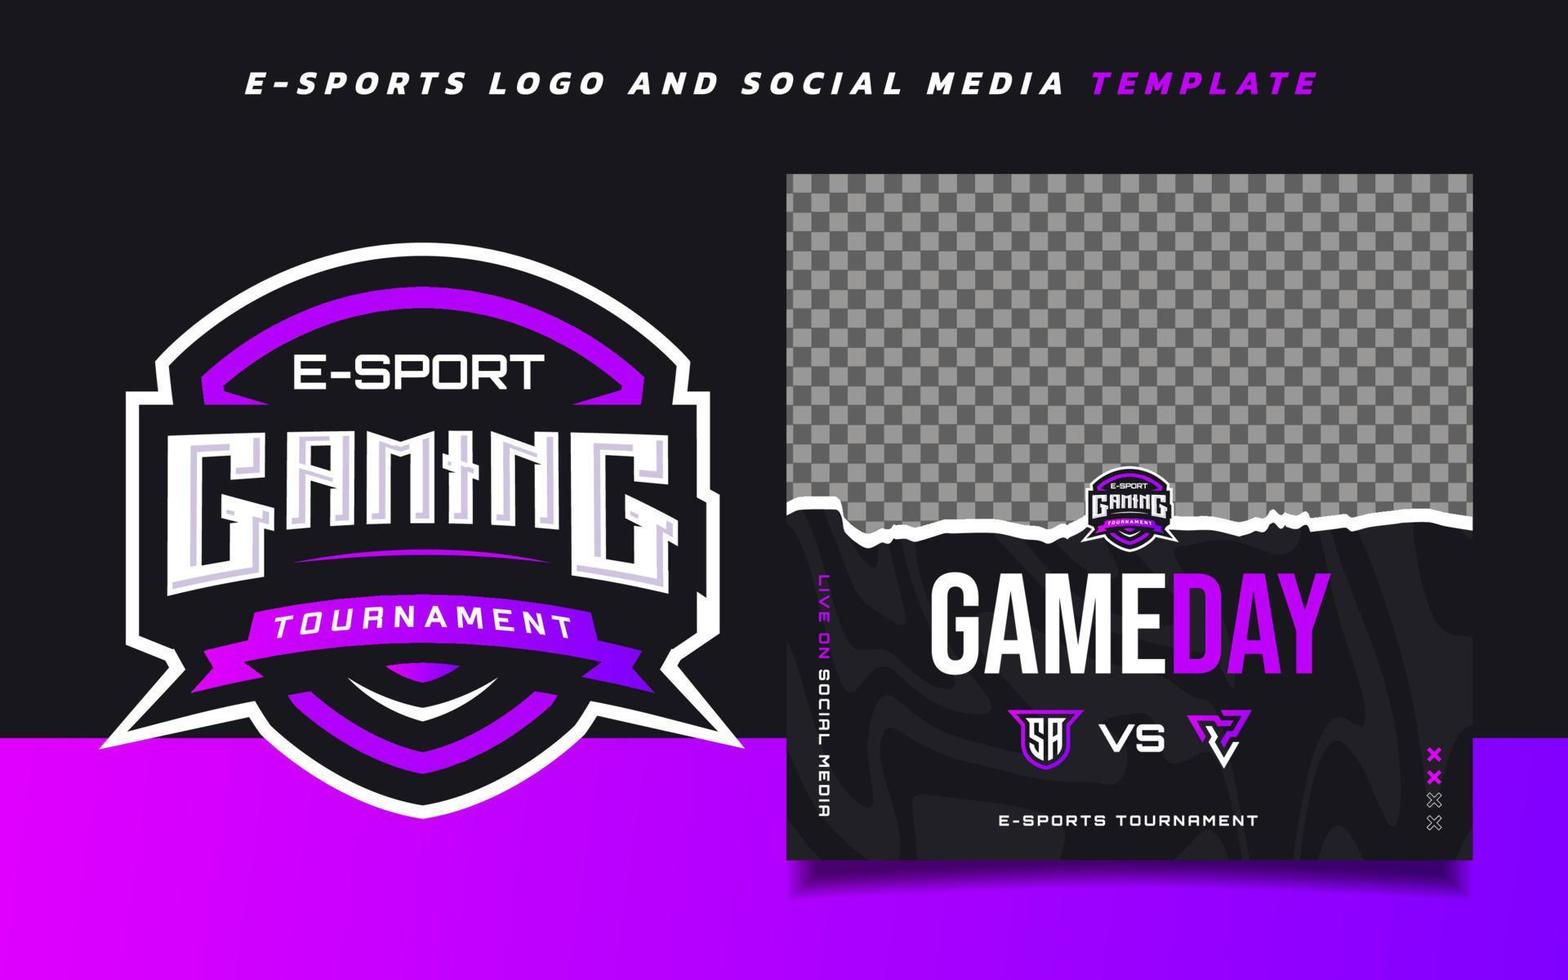 plantilla de banner de juegos de deportes electrónicos del día del juego para redes sociales con logotipo de torneo de juegos vector
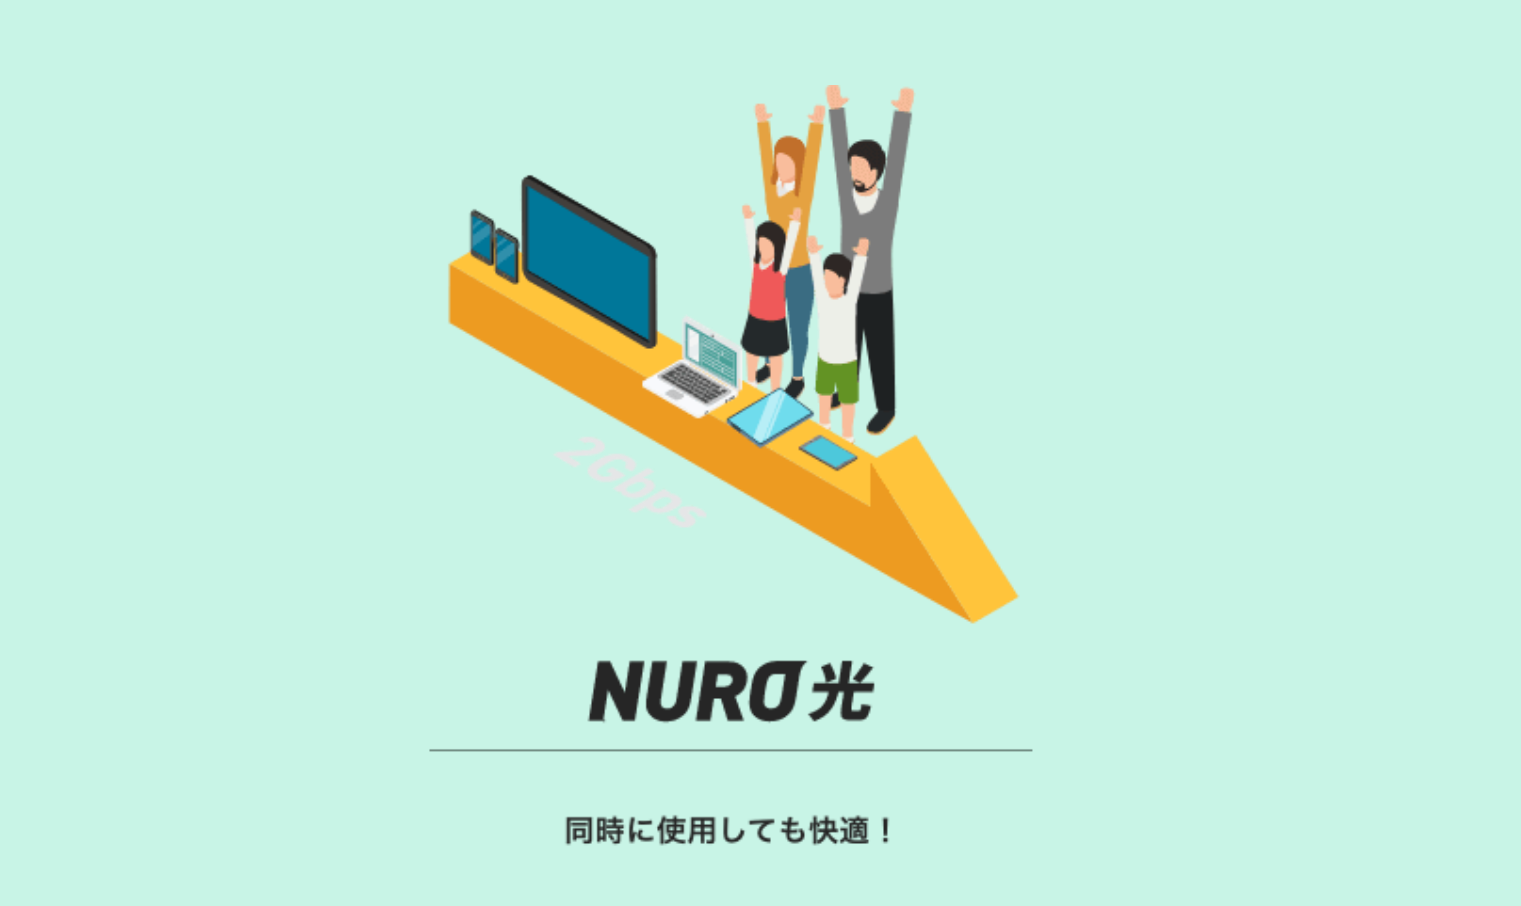 NURO光のキャンペーンは45,000円キャッシュバックがおすすめ！
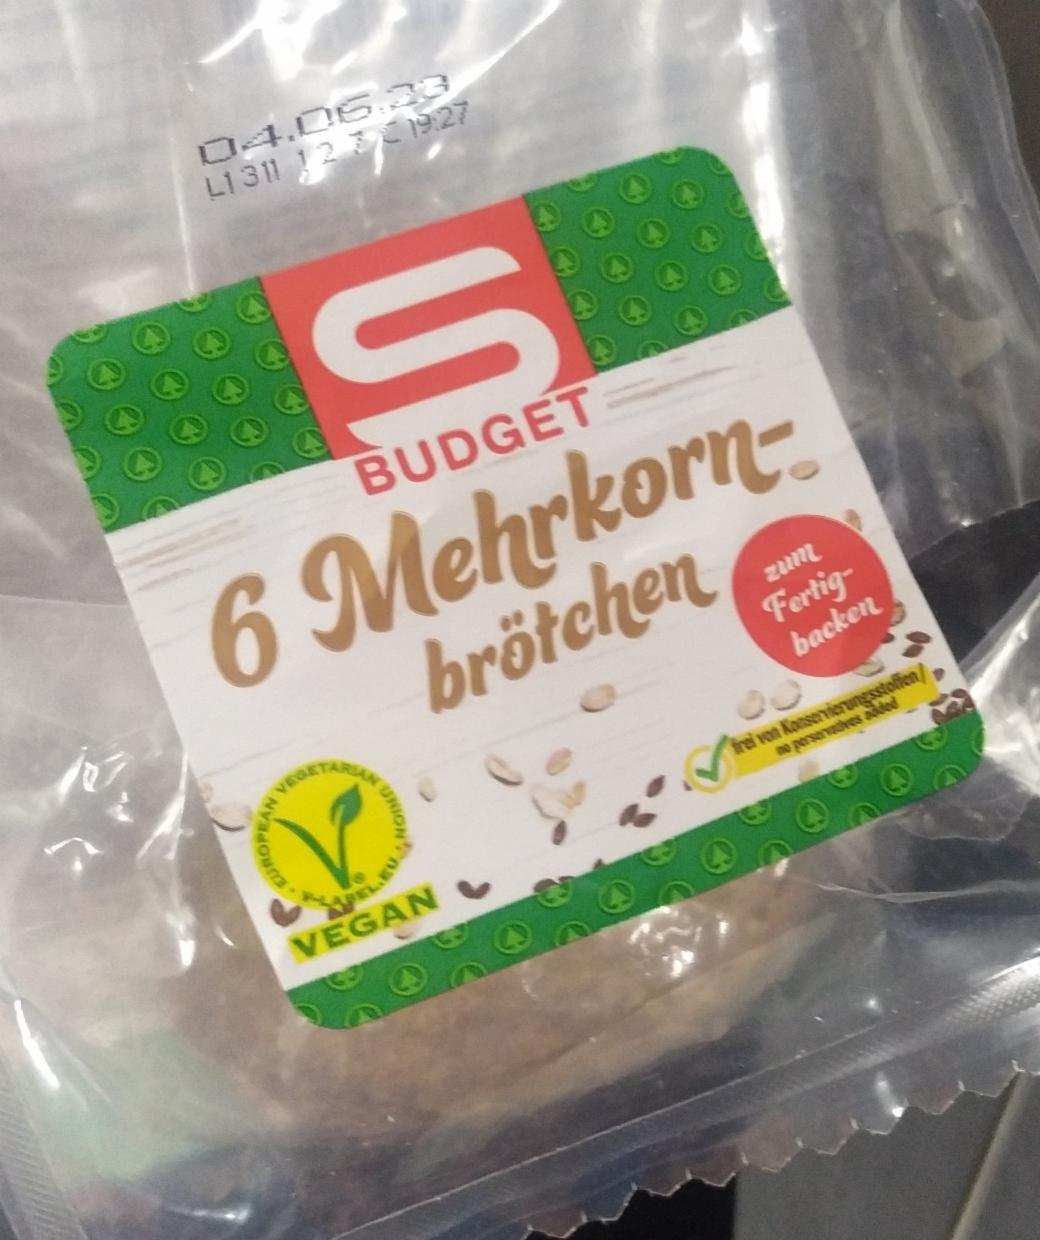 Fotografie - 6 Mehrkorn Brötchen S Budget
▬▬▬
→ Problem requirements: Output each line above exactly as it stands, omitting the pictures.

→ Response:
 plantilla de banner de juegos de deportes electrónicos del día del juego para redes sociales con logotipo de torneo de juegos vector
 NURO光のキャンペーンは45,000円キャッシュバックがおすすめ！
 Fotografie - 6 Mehrkorn Brötchen S Budget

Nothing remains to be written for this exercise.